La présidente du Comité Miss France Geneviève de Fontenay arrive pour participer au lancement des enveloppes de La Poste à l'effigie de Miss France 2010, Malika Ménard, à Caen, le 16 mars 2010. — AFP PHOTO KENZO TRIBOUILLARD

La dame au chapeau poursuit sa croisade. «J'ai ma liberté de penser.
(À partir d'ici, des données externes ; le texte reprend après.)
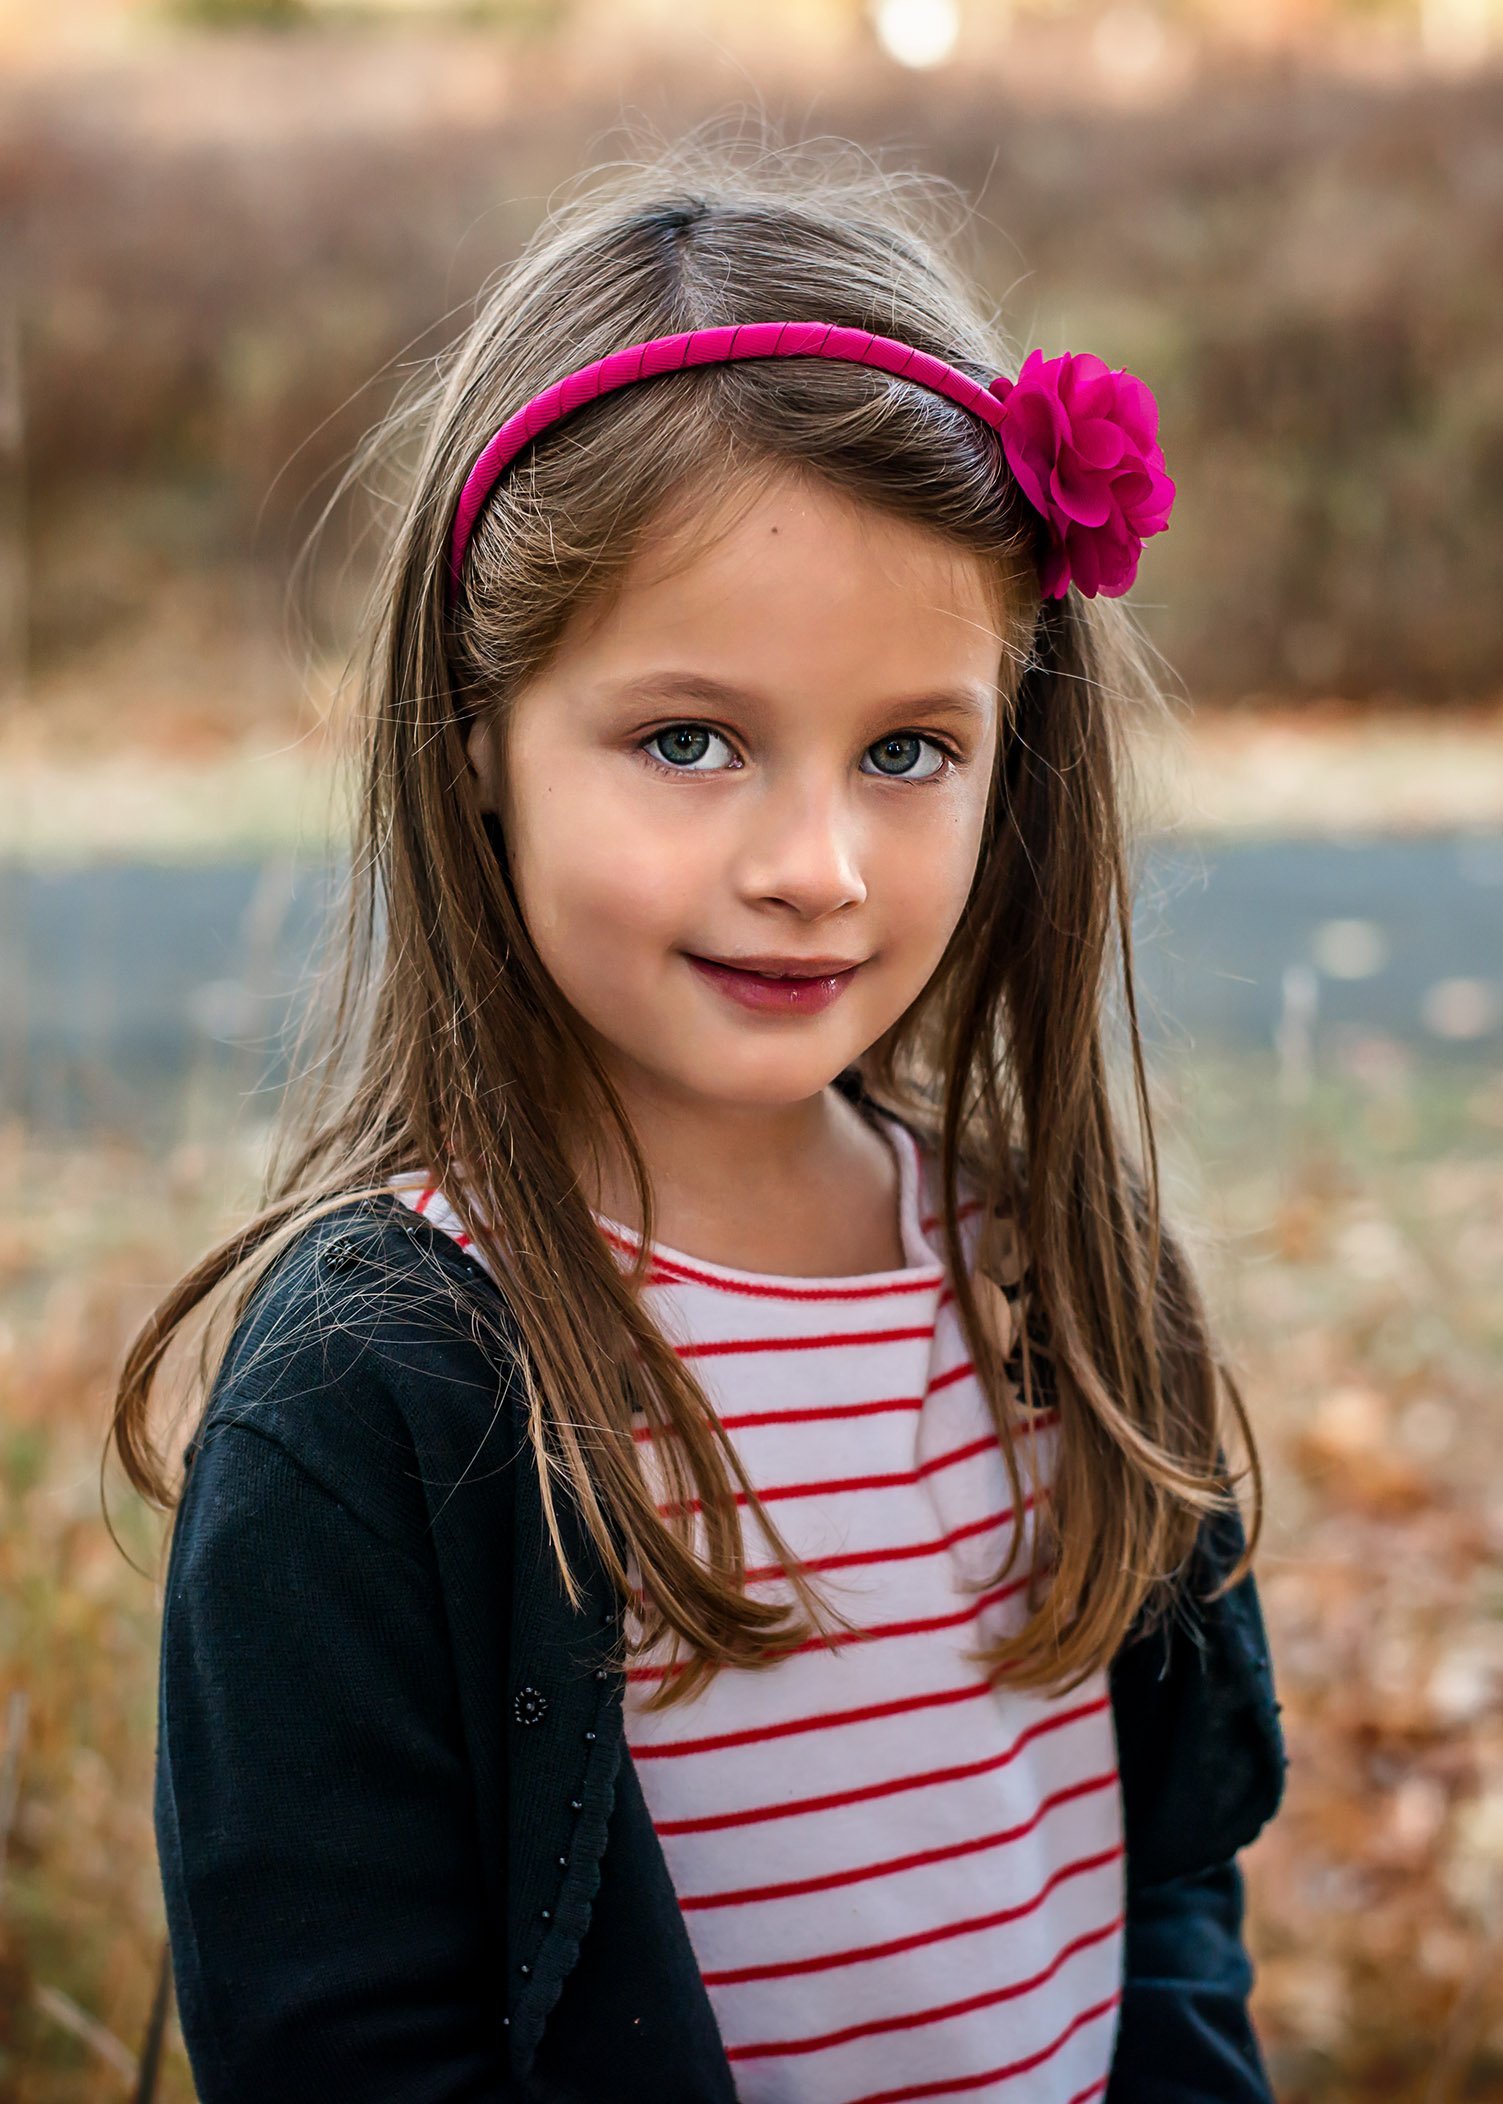 headshot of young girl wearing a bright pink headband in fall

Je ne suis ni gâteuse, ni manipulée et ce n'est pas aujourd'hui que je vais renoncer à ce qui était toute ma vie», dit la présidente et fondatrice du Comité Miss France dans un communiqué.

Elle répond à Endemol, qui a estimé que son fils Xavier était l'instigateur de sa rupture avec la société de production du concours Miss France pour le compte de TF1.

«Pas prémédité»

«Je défends peut être des valeurs ringardes, mais j'y crois et beaucoup avec moi», a-t-elle ajouté, affirmant par ailleurs à l'AFP que la clause de non concurrence opposée par Endemol en cas d'organisation d'un concours dissident en 2011 comme elle l'a annoncé «ne tient pas».
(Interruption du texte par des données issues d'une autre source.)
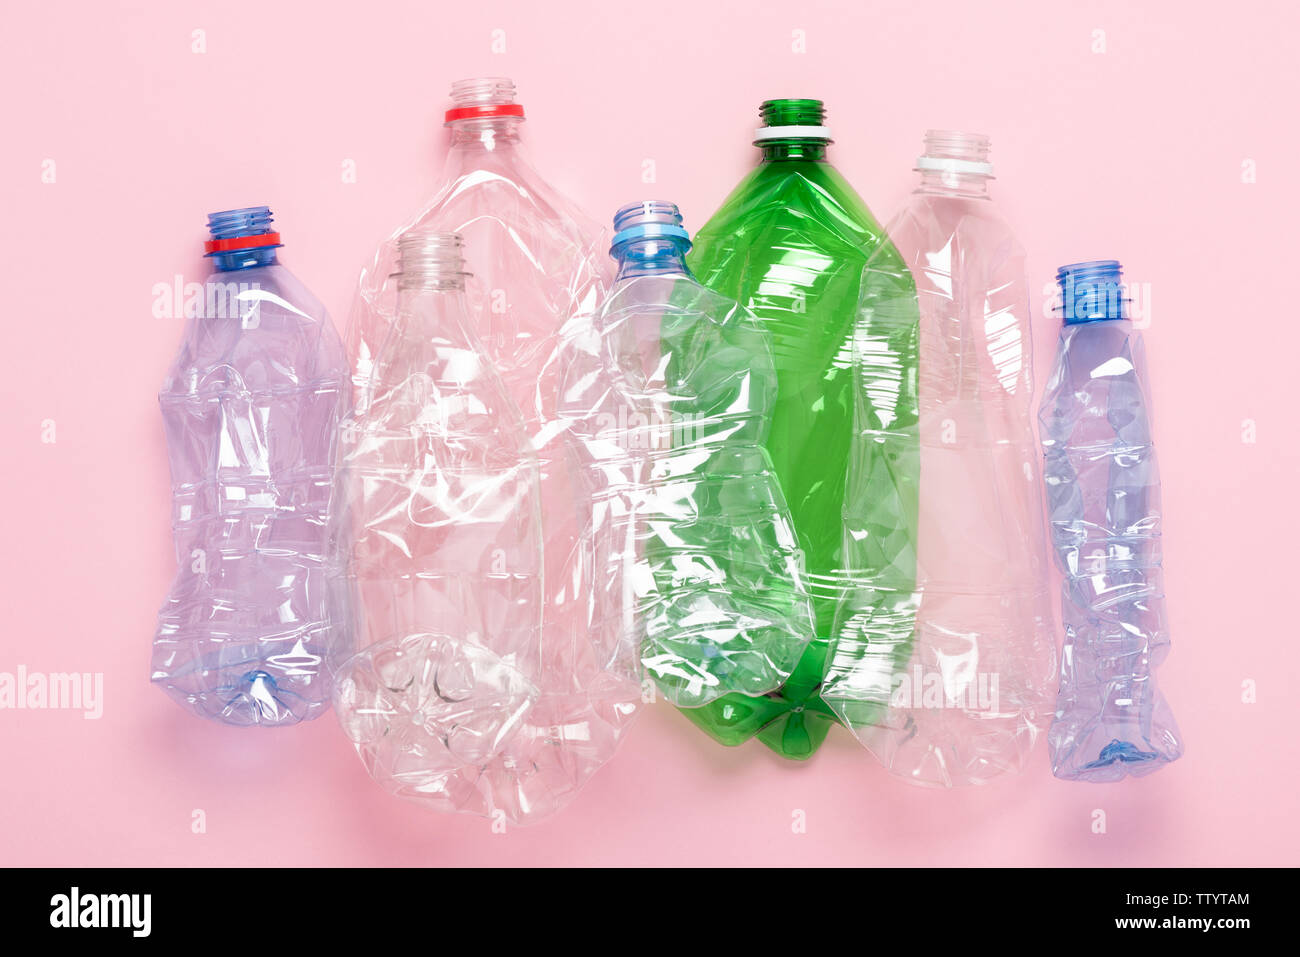 Plastic waste bottles top view. Eco plastic recycling concept. Stock Photo

«La clause de non concurrence ne jouerait que si nous organisions une cérémonie Miss France. Personne ne peut nous empêcher d'organiser un autre concours de beauté avec une autre dénomination», a-t-elle dit.

Selon elle, les «dérives» dans l'organisation du concours Miss France qui devient «Miss Trash» coïncident avec l'arrivée chez Endemol d'une filiale de Mediaset, le groupe de télévision italien de Silvio Berlusconi.